A la mañana siguiente de mi primer encuentro sexual con Sara, todo fue magnífico. Había follado por primera vez con una chica atractiva, aunque fuera una puta de lujo.
A la mañana siguiente ella estaba acostada boca arriba con las piernas abiertas. Yo estaba acostado de lado, viendo hacia ella. Cuando desperté amanecí empalmado por obvias razones. Ella abrió los ojos, volteo a verme, y en instantes sujetó mi mano izquierda y la llevó a su parte íntima. ¡Ohh fue delicioso!
Me indicó donde tocar, donde acariciar, con qué intensidad y a qué ritmo hacerlo. Alcancé a sentir su humedad, y eso me puso a mil. Si ya estaba erecto, con eso me puse más duro.

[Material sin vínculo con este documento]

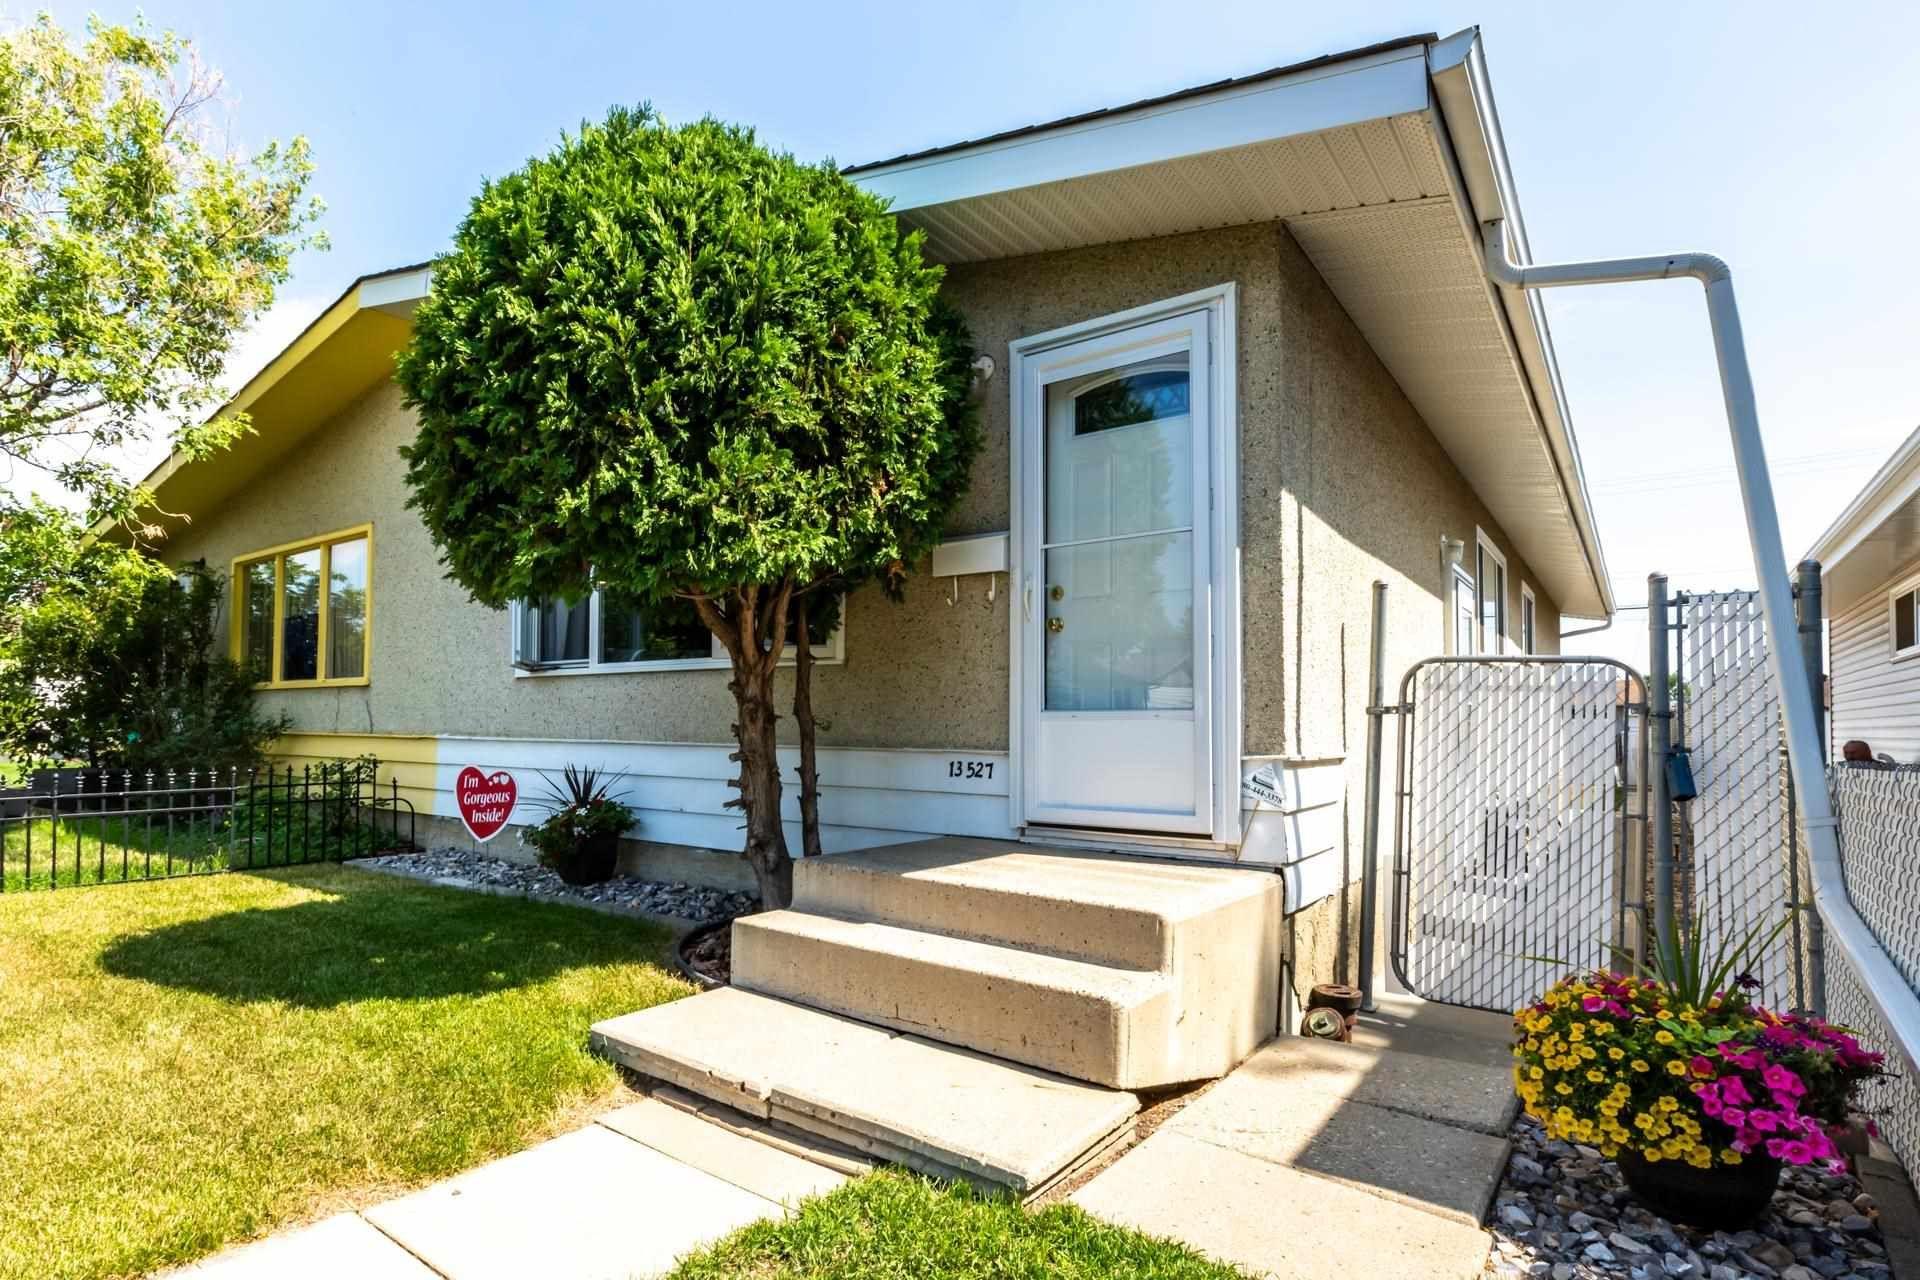 Main Photo: 13527 119 Street in Edmonton: Zone 01 House Half Duplex for sale : MLS®# E4257040

¡Mmh, qué penetración más buena!

Me encantó masturbarla, aprendí muchísimo. Sin que mediaramos palabras, ella se quitó las sábanas con las que nos tapábamos y quedó al descubierto. Con una sensualidad increíble, sus ojos me indicaron un “observa lo que pasará allá abajo”. Yo estaba sin palabras pero con una erección monumental. No supe en ese momento si bajar a comer ese coñito húmedo, o si dejarle ir toda mi erección al fondo para gozar de lo lindo. Ante mi indecisión, ella cogió mi cara con una mano y lo llevó a su cara, y con la otra mano me agarró firmemente la polla y la condujo a su coñito. ¡Mmh, qué penetración más buena! A cambio de unos besos de mi parte, ella me estaba ofreciendo su sexo húmedo, caliente y deliciosamente magnífico.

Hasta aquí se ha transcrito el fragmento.